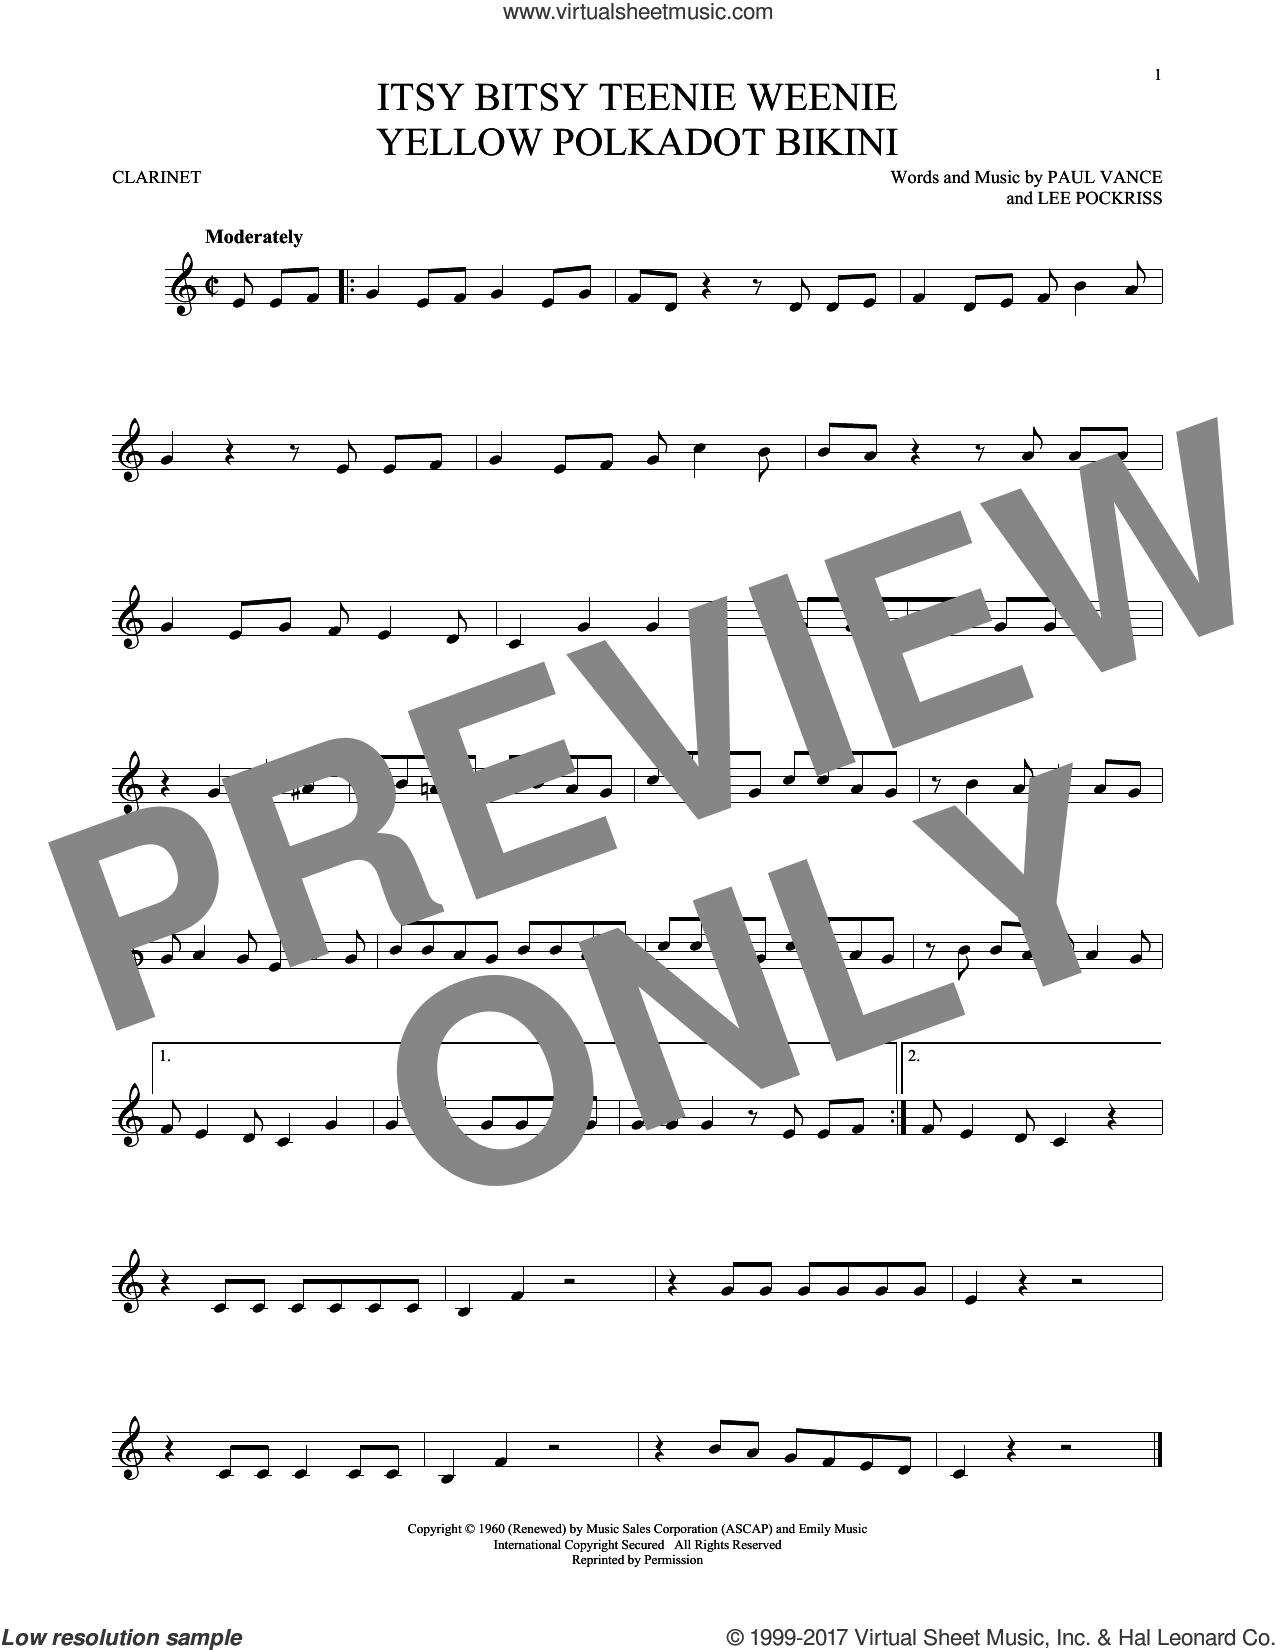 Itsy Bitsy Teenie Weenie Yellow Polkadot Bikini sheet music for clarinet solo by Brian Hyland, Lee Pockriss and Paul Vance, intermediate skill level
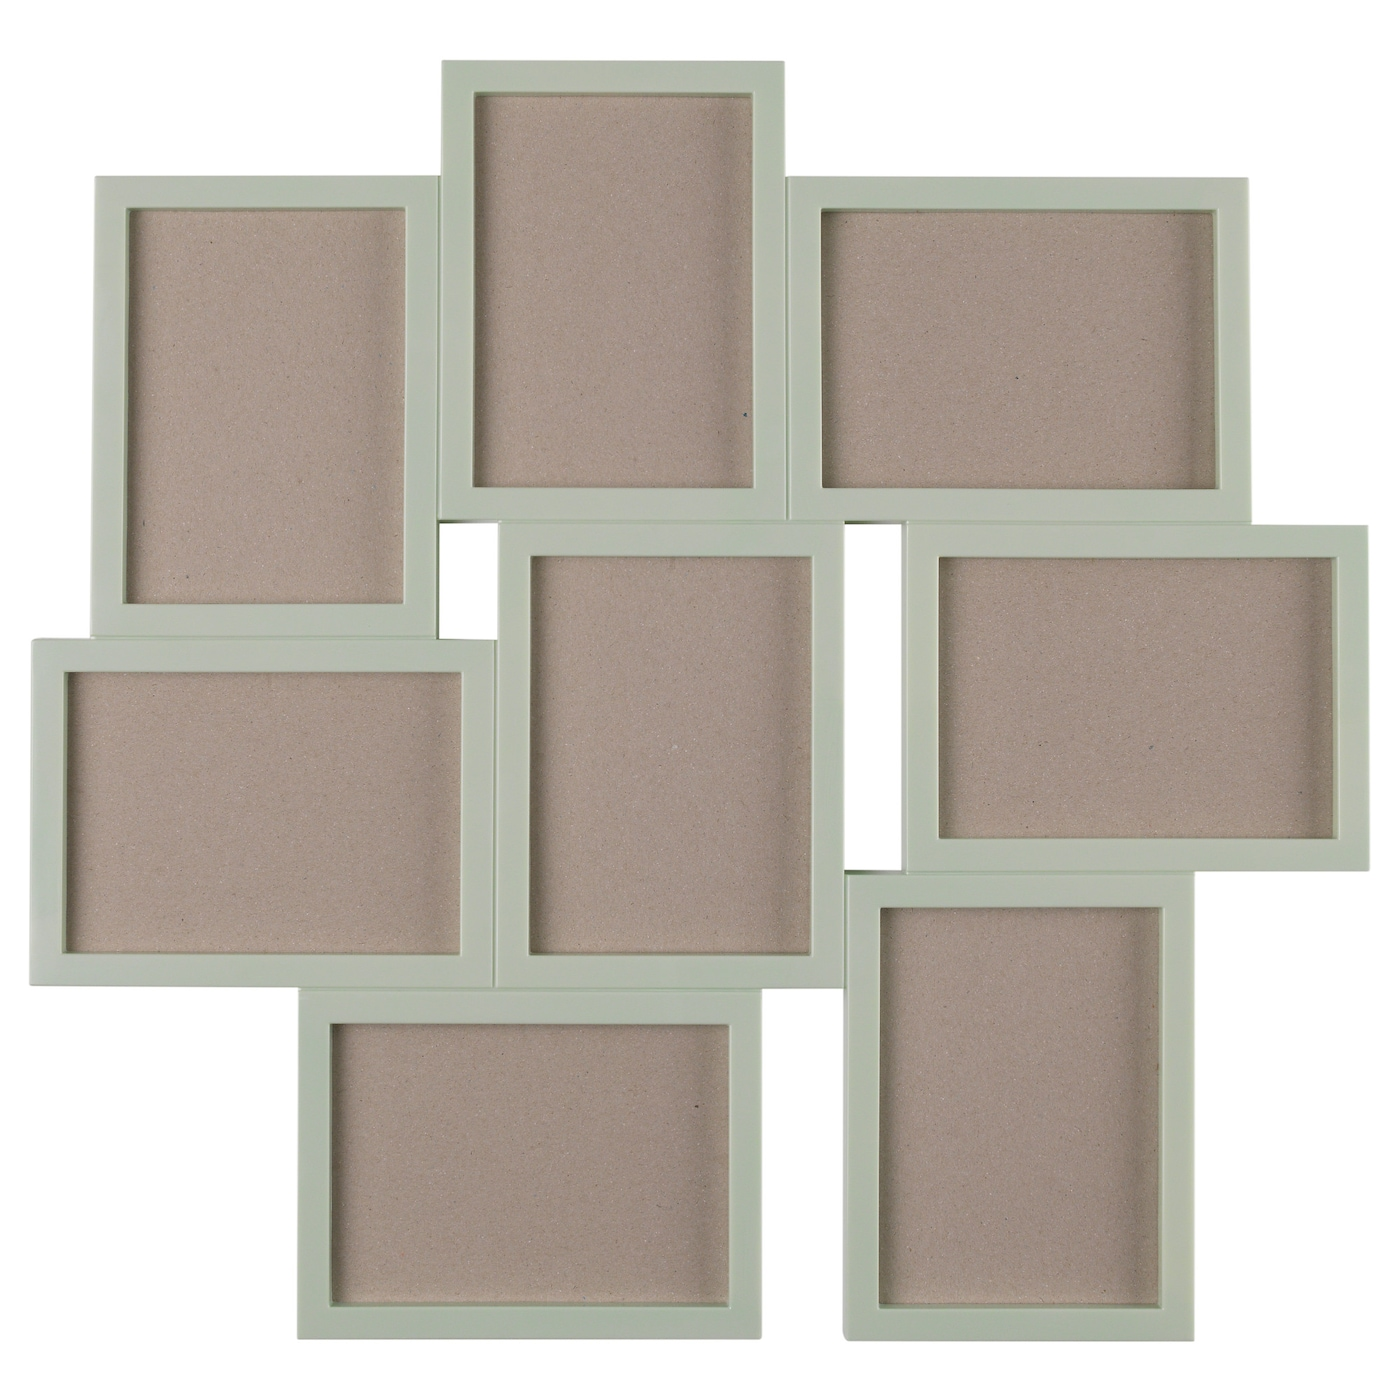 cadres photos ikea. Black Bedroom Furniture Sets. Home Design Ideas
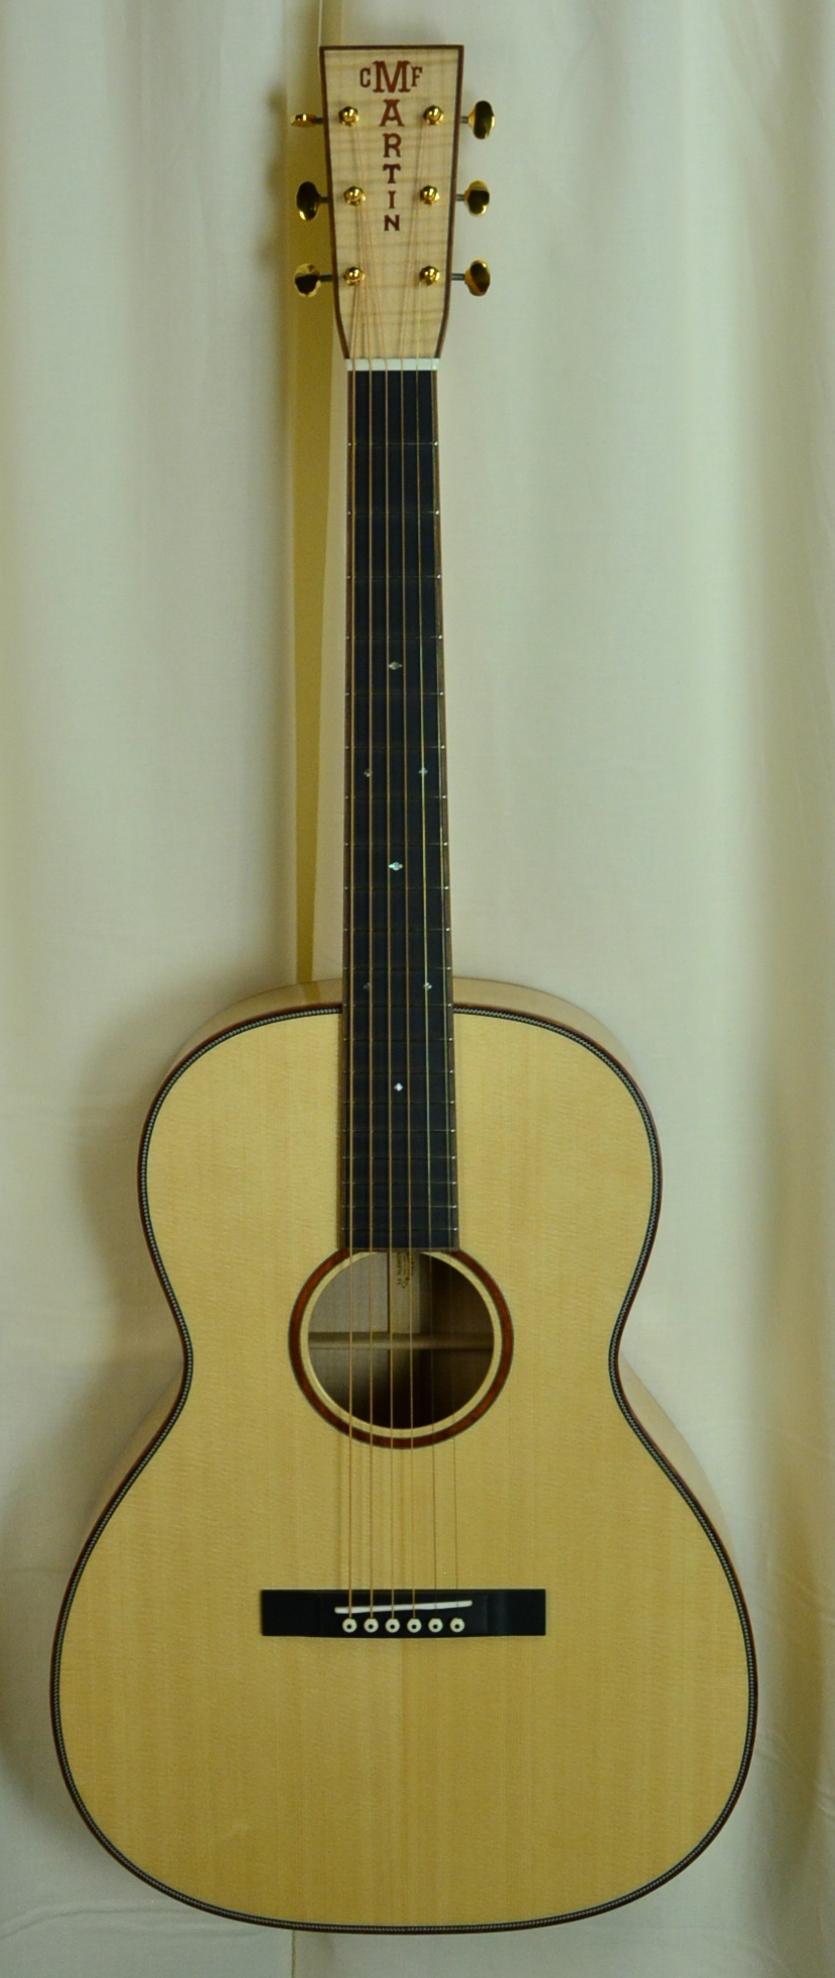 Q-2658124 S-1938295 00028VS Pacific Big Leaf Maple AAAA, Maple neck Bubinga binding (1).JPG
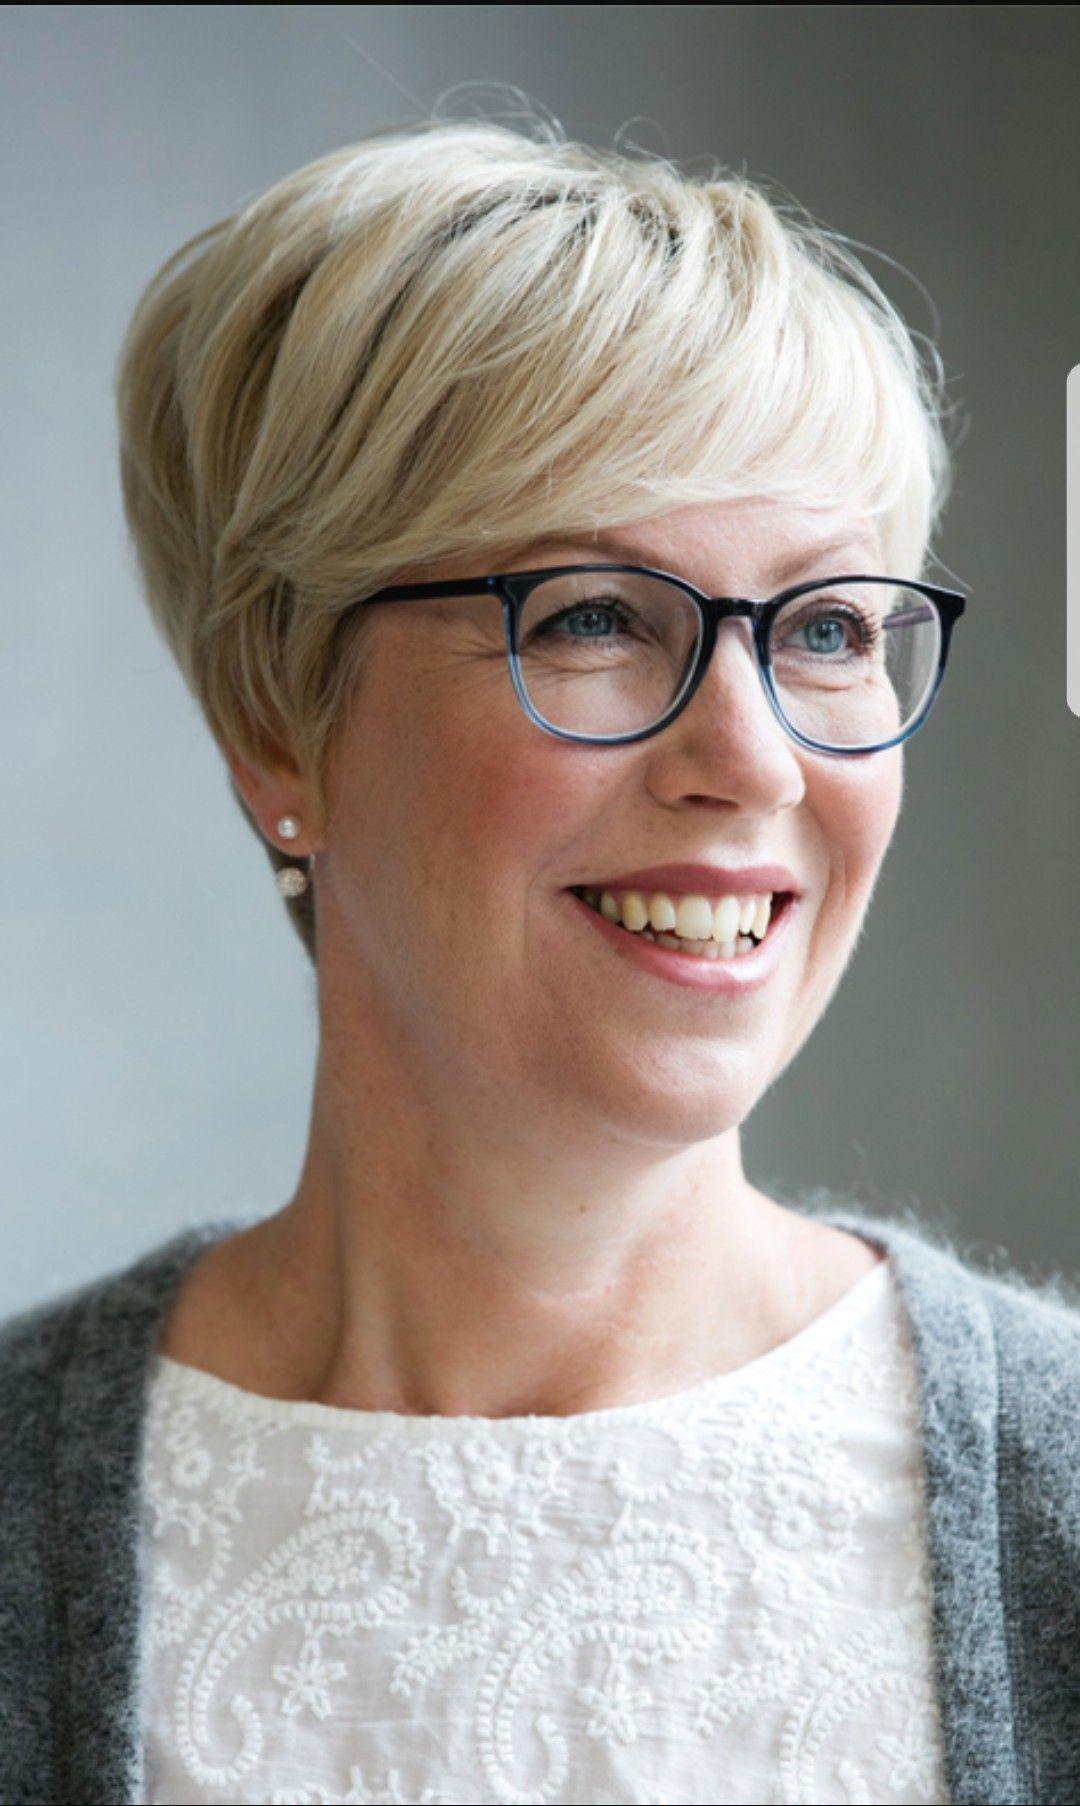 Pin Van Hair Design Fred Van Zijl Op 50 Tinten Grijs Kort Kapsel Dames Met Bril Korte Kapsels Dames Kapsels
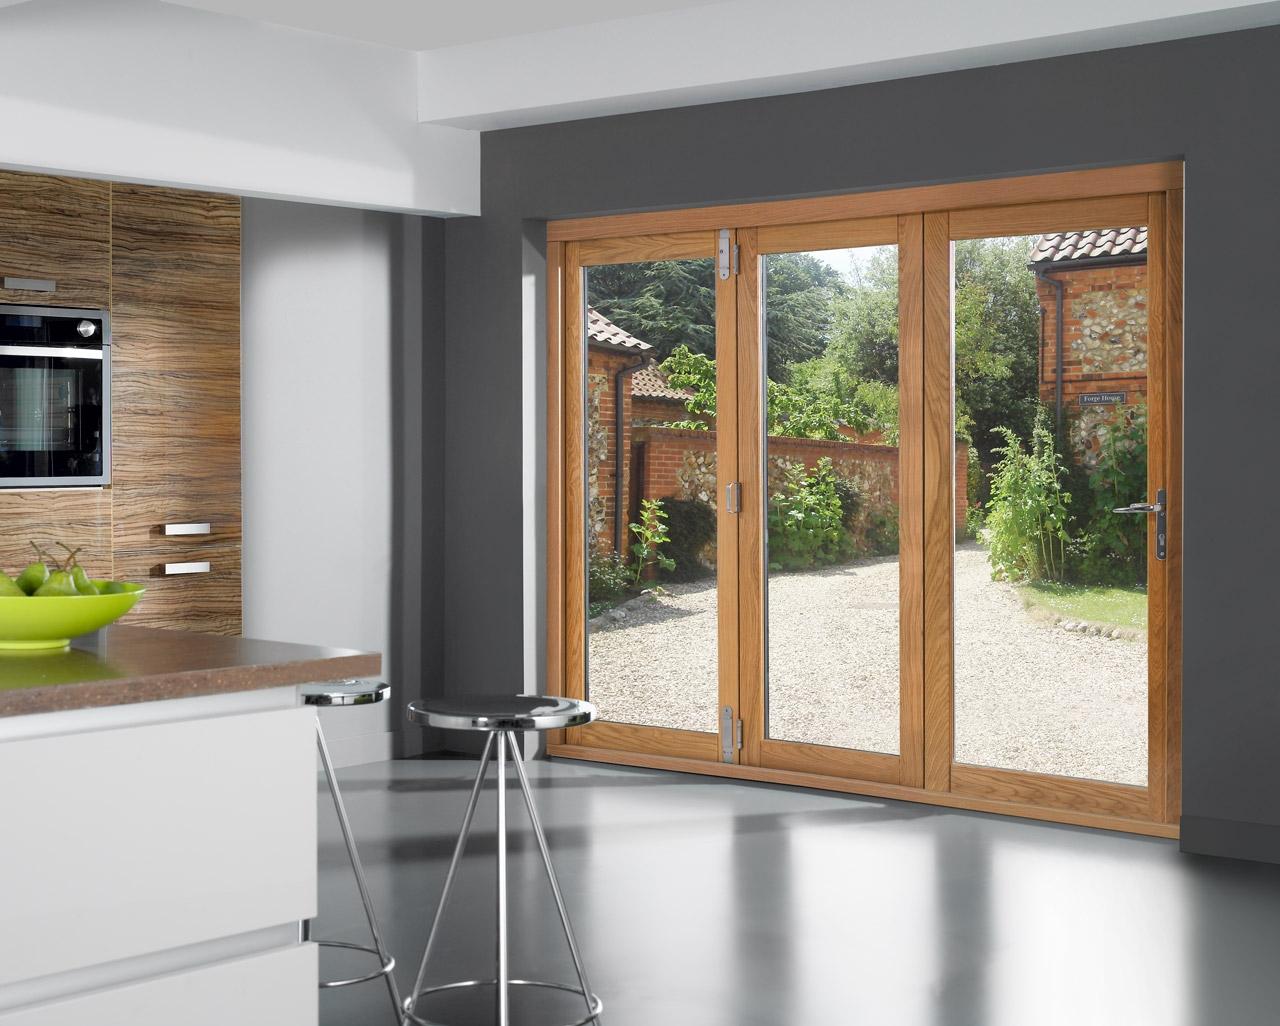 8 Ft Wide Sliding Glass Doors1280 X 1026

⁂

**AIM OF THE TASK:** Restate, exactly as they appear, the line with "Q-2658124 S-1938295 00028VS" and all the lines after it up to the end of the data above; images do not belong in the copy.

**PROBLEM SOLUTION:**
 Q-2658124 S-1938295 00028VS Pacific Big Leaf Maple AAAA, Maple neck Bubinga binding (1).JPG
 Pin Van Hair Design Fred Van Zijl Op 50 Tinten Grijs Kort Kapsel Dames Met Bril Korte Kapsels Dames Kapsels
 8 Ft Wide Sliding Glass Doors1280 X 1026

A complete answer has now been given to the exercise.